I did not grow up on a farm, so I had no real idea what a pigsty was, although I could guess. I knew it somehow described the condition of the room I shared with my younger brother. My mother would invariably invoke the term immediately before ordering us to straighten it up. This was the source of enormous frustration to me, because it interrupted whatever fun we were having in making the mess.
As I grew older, my teachers joined the battle against disorder. I can’t recall now whether any of them explicitly invoked the “messy desk, messy mind” mantra. But all clearly subscribed to this theory. They believed messy minds were antithetical to correct spelling and the mastery of multiplication tables. Despite my suspicions, teachers could not actually read minds, so their main method of appraising mental disarray was to take stock of our immediate surroundings. Mine betrayed the most abject intellectual disorder, even though I did my best to camouflage it by getting good grades.
Desks in school were small, so opportunities for true self-expression were relatively limited. The workplace afforded much greater leeway to indulge in untidiness, particularly later on when I had a private office with lots of flat surfaces to bury in piles of paper. I began my career in the era before desktop computers and e-mail, so the only way to demonstrate you were hard at work was to push paper. I confess I always suspected people with chronically clean desks didn’t have enough to do.
So far as I have been able to determine, there is nothing in Scripture declaring that messiness is an abomination unto the Lord.

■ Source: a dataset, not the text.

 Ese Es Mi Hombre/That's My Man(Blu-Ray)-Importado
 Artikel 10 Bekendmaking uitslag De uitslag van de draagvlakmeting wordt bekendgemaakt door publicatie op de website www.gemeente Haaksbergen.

Granted, desks didn’t exist in biblical times, and paper was still an expensive luxury, so it wasn’t likely to pile up. Many people wrongly assume the Bible says something about cleanliness being next to godliness. But the actual source of that sentiment is a sermon by John Wesley in 1778, and he was referring to personal hygiene, not keeping your desk clean.
The early church developed lists of cardinal virtues and vices, neither of which mentioned messiness or its opposite. You could conceivably attribute messiness to sloth, one of seven deadly sins. However, as noted above, you could just as easily argue that a tidy desk was a sign of not having enough to do, which might be the result of slothfulness.
It was left to a young Ben Franklin to include orderliness among the 13 virtues he practiced in a life-long attempt to improve his moral character. “Let all your things have their places,” Franklin wrote sternly, “let each part of your business have its time.” However, although he reported significant progress in practicing the other 12 virtues, his attempts to tidy up his life were unavailing. He frankly acknowledged he was a man of “untidy habits,” as Sherlock Holmes might later have expressed it. Yet while one can easily imagine Franklin including “messy desk, messy mind” as one of the pithy aphorisms in Poor Richard’s Almanac, the thought clearly did not apply in his case. He is still regarded as one of the greatest scientific minds of the 18th century.
I grew up in the 1950s, when the virtues of neatness still went unquestioned. Increasingly, however, messiness has come to be regarded as a mark of creative genius rather than as a sign of a disheveled mind. Proponents point to such disheveled geniuses as Albert Einstein, Steve Jobs, code-breaker Alan Turing and Alexander Fleming, the discoverer of penicillin. “My untidy habits drive me to follow the slash-and-burn (or Mad Hatter) principle,” evolutionary biologist Richard Dawkins once declared. “Work on a virgin table until the mess becomes unbearable, then move on to a clean table in a clean room — or, on a beautiful summer day like this, one of the five tables dotted around the garden. Trash that table and move on again.”
Although there are a handful of studies purporting to demonstrate a link between messiness and creativity, the evidence is admittedly thin. While it might be tempting to think of oneself as a creative genius, Sherlock Holmes may have been closer to the mark when he attributed signs of messiness simply to untidy habits. Still, I take some comfort in the example of Thomas Edison, who held more than 1,000 patents at the time of his death. “To invent,” he said, “you need a good imagination and a pile of junk.”